→ The task: From the listing that follows, output everything exactly except the pictures.

→ Dataset extract:

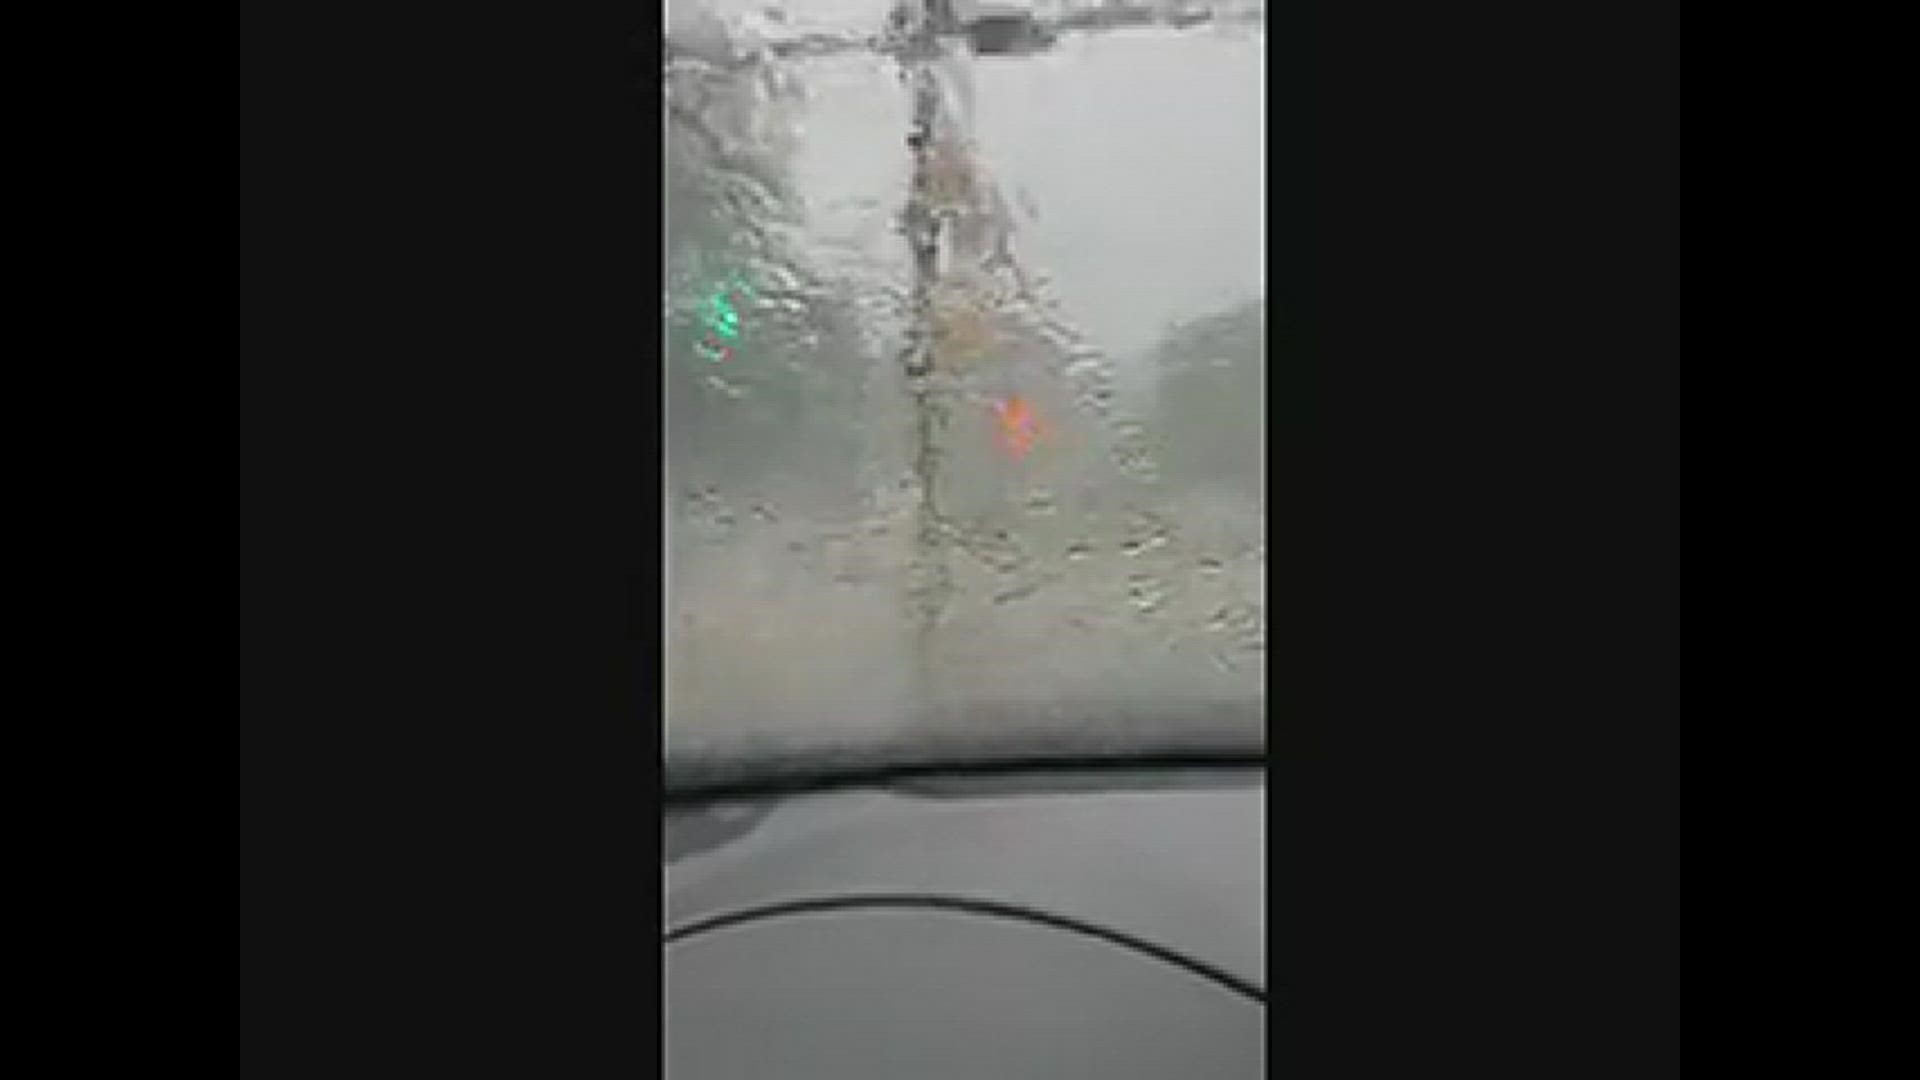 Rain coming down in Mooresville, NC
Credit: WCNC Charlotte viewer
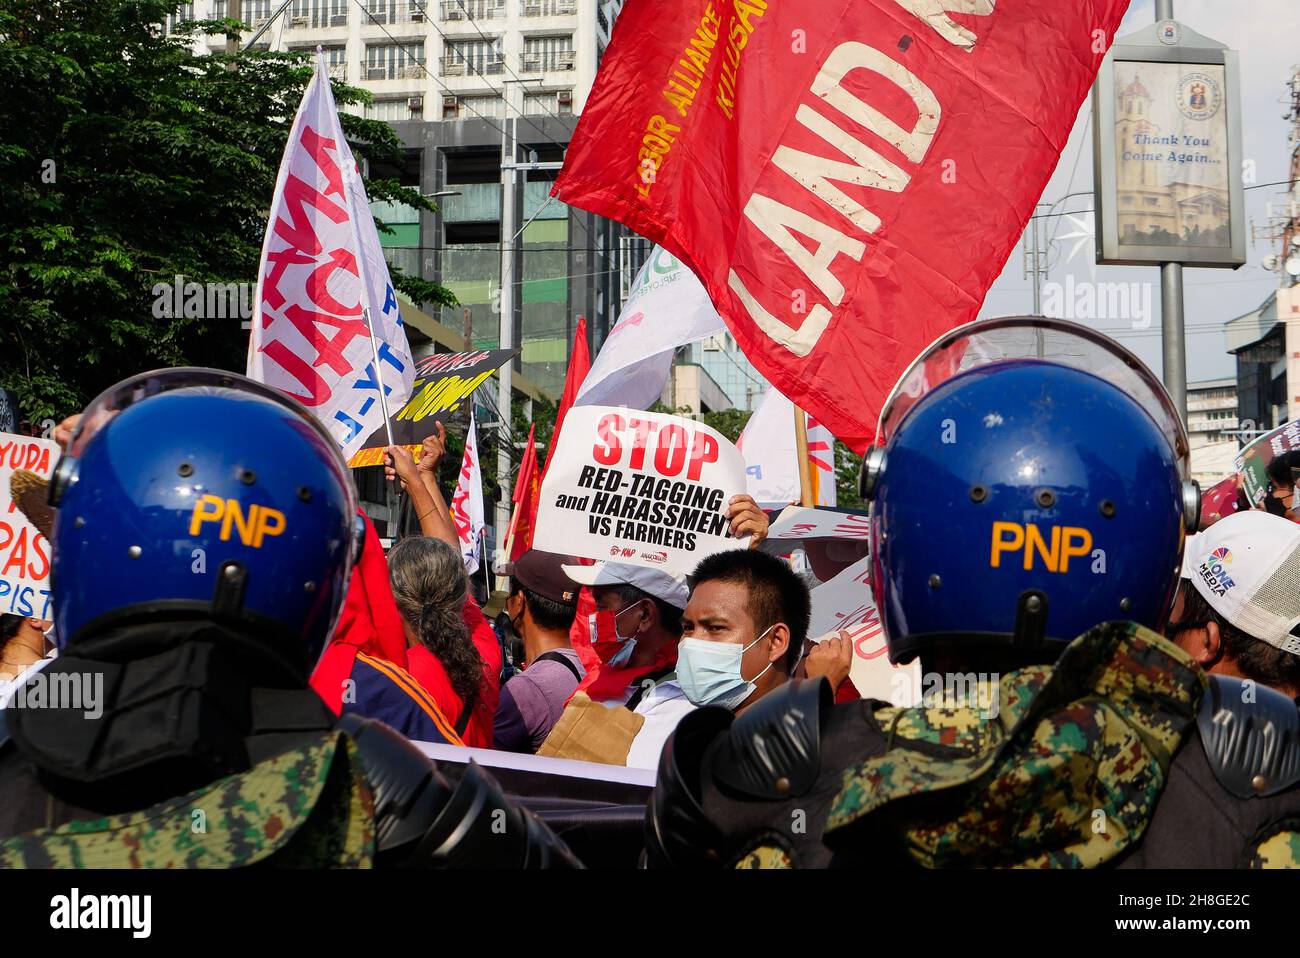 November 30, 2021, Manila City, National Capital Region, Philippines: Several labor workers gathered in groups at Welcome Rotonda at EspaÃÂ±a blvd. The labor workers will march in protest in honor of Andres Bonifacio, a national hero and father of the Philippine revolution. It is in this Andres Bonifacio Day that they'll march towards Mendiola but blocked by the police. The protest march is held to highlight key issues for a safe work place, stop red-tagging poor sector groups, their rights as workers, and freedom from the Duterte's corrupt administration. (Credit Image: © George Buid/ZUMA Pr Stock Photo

→ Reply:
 Rain coming down in Mooresville, NC
Credit: WCNC Charlotte viewer
 November 30, 2021, Manila City, National Capital Region, Philippines: Several labor workers gathered in groups at Welcome Rotonda at EspaÃÂ±a blvd. The labor workers will march in protest in honor of Andres Bonifacio, a national hero and father of the Philippine revolution. It is in this Andres Bonifacio Day that they'll march towards Mendiola but blocked by the police. The protest march is held to highlight key issues for a safe work place, stop red-tagging poor sector groups, their rights as workers, and freedom from the Duterte's corrupt administration. (Credit Image: © George Buid/ZUMA Pr Stock Photo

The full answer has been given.